Let the number of transactions n , the number of elements k , and the average transaction size - d .
A naive approach (check the pair in all entries) will give you a solution O(k^2 * n * d) , which is not very optimal. But we can improve it to O(k*n*d) , and if we accept a uniform distribution of elements (i.e., each element is repeated on average O(n*d/k) times) - we could improve it to O(d^2 * n + k^2) (which is much better, since most probably d << k ).
This can be done by constructing the inverted index of your transactions, that is - create a map from the elements for their transactions (creating an index O(nd + k) ).
Example if you have transactions
transaction1 = ('apple','grape') transaction2 = ('apple','banana','mango') transaction3 = ('grape','mango')
The inverted index will be:
'apple' -> [1,2] 'grape' -> [1,3] 'banana' -> [2] 'mango' -> [2,3]
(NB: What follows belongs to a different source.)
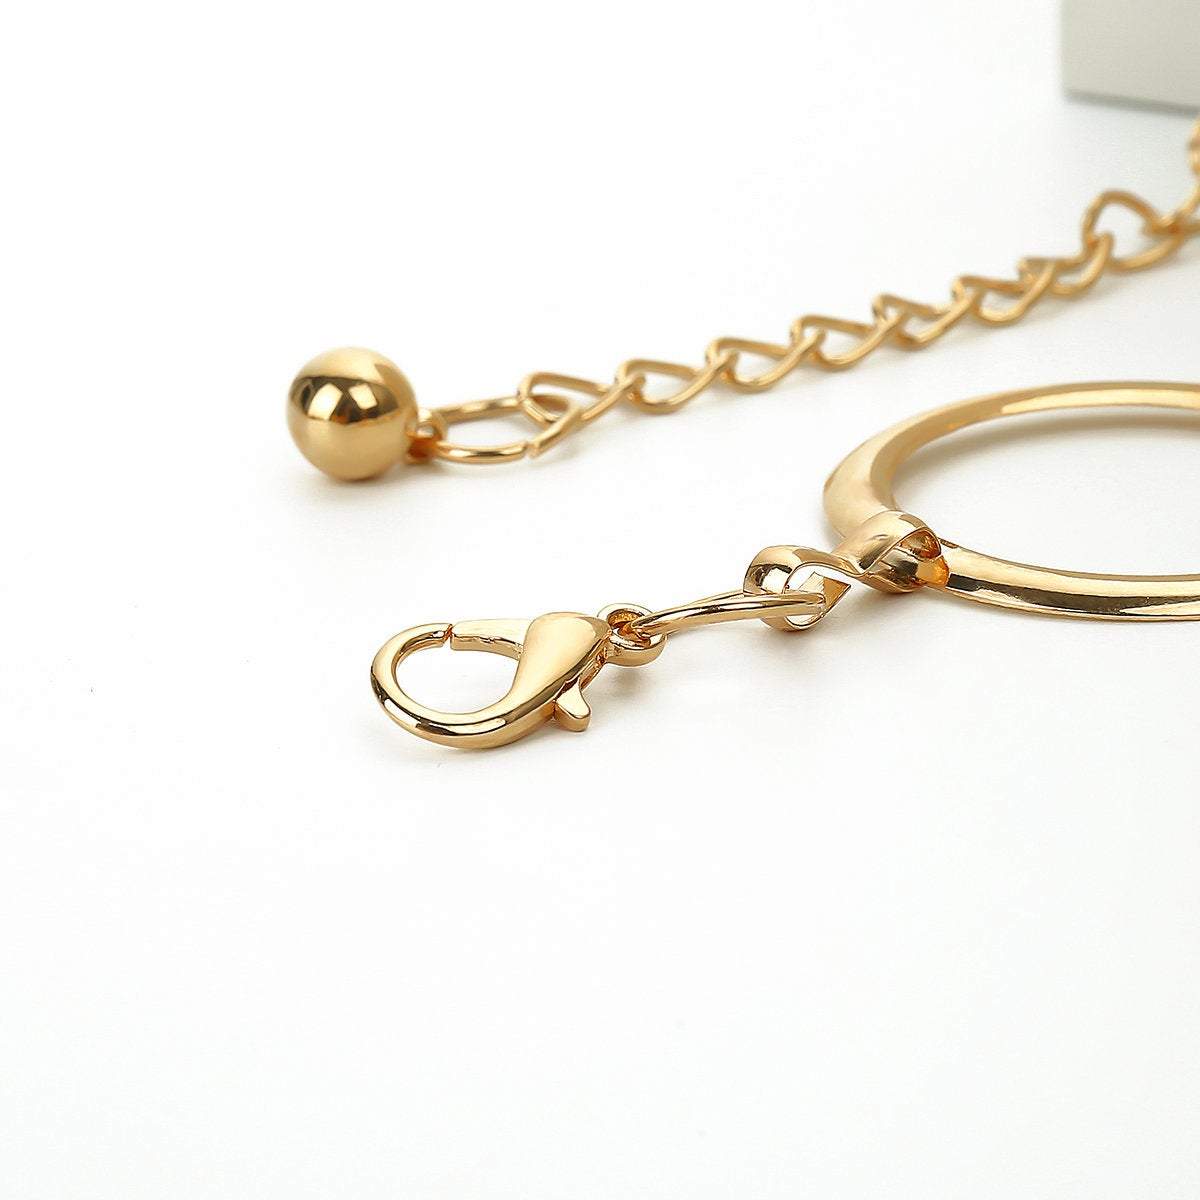 Geometrical O Ring Shape Waist Belt - Chic Gold Tone Body Chain - Elegent Minimalist Big Ring Belly Chain
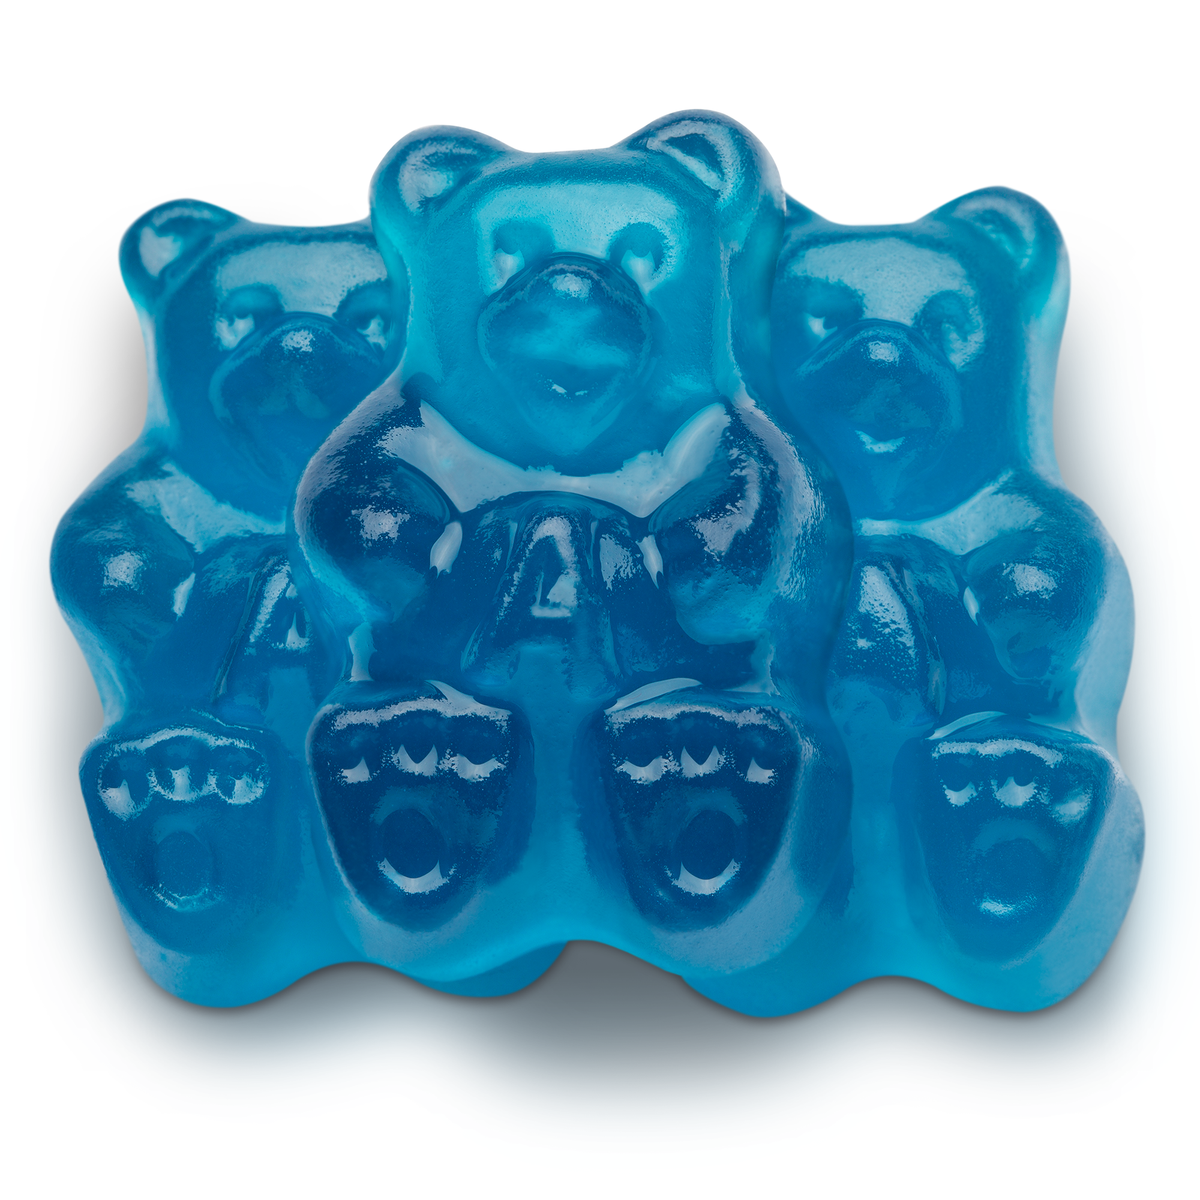 Blue Raspberry Gummi Bears

So, understanding what an inverted index is, here are some recommendations to solve:
Difficulty Analysis:
- Building the inverted index
O(nd+k) - Assuming that each element is repeated in
O(nd/k) transactions, each iteration takes O(nd/k * d) time, and there are k iterations in this step, so you get O(nd^2 + k) for this step . - List processing can be done in O (k ^ 2logk), if you want to completely order or just want to print the top elements of X, this can be done in
O(k^2) .
The totality in the solution is O(nd^2 + k^2) for obtaining elements of the upper X, which is much better than the naive approach, assuming d << k .
Also, note that the bottleneck (step 2) can be efficiently parallelized and distributed between threads if necessary.